镜体厚重坚实,重量800克,上手沉坠温润,尽显汉代“雄浑大气”的审美特质。镜面微凸,历经两千余年岁月洗礼,形成温润细腻的“黑漆古”包浆,部分区域仍残留照容的光洁质感,见证了此镜长久的传承历程。

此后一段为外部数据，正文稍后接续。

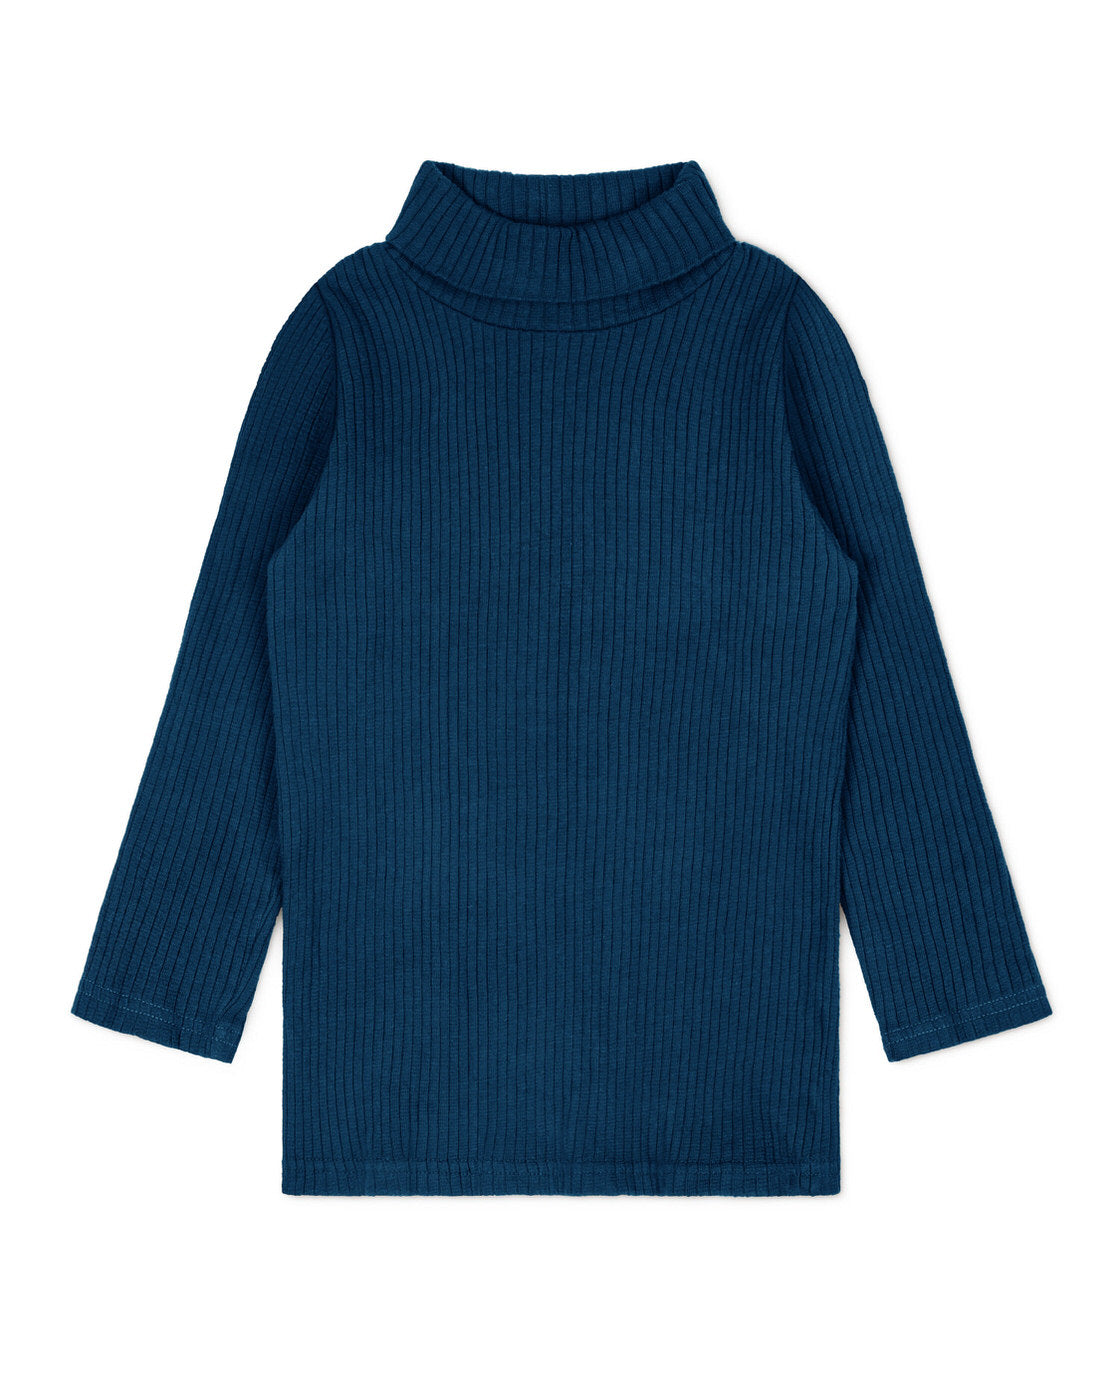 Dark blue turtleneck sweater made of organic cotton from Matona

镜背核心设计极具特色:中央为伏兽钮,兽形昂首翘尾,四肢伏地,肌肉线条饱满遒劲,鳞片刻画细致入微,神态威猛灵动,仿佛蓄势待发,是汉代圆雕技法在铜镜上的杰出应用;伏兽钮外环绕双线方框钮座,边角规整、框条挺拔,与圆形镜体形成“方”与“圆”的鲜明对比,既暗合汉代“天圆地方”的宇宙观,又为纹饰与铭文布局奠定稳定基调,使整体结构层次分明。
2. 工艺水准:范铸与雕刻的极致呈现
铜镜采用汉代成熟的“分范合铸法”铸造,工艺精湛令人叹服。伏兽钮以立体圆雕技法铸就,造型饱满、细节栩栩如生,展现了工匠高超的雕刻与铸造成型能力;镜背纹饰采用浅浮雕与线刻结合技法,16连弧纹、四乳钉、四龙纹层次感鲜明,线条流畅挺拔,转角圆润自然,无滞涩之感,体现了严格的刻范精度与铸造把控力。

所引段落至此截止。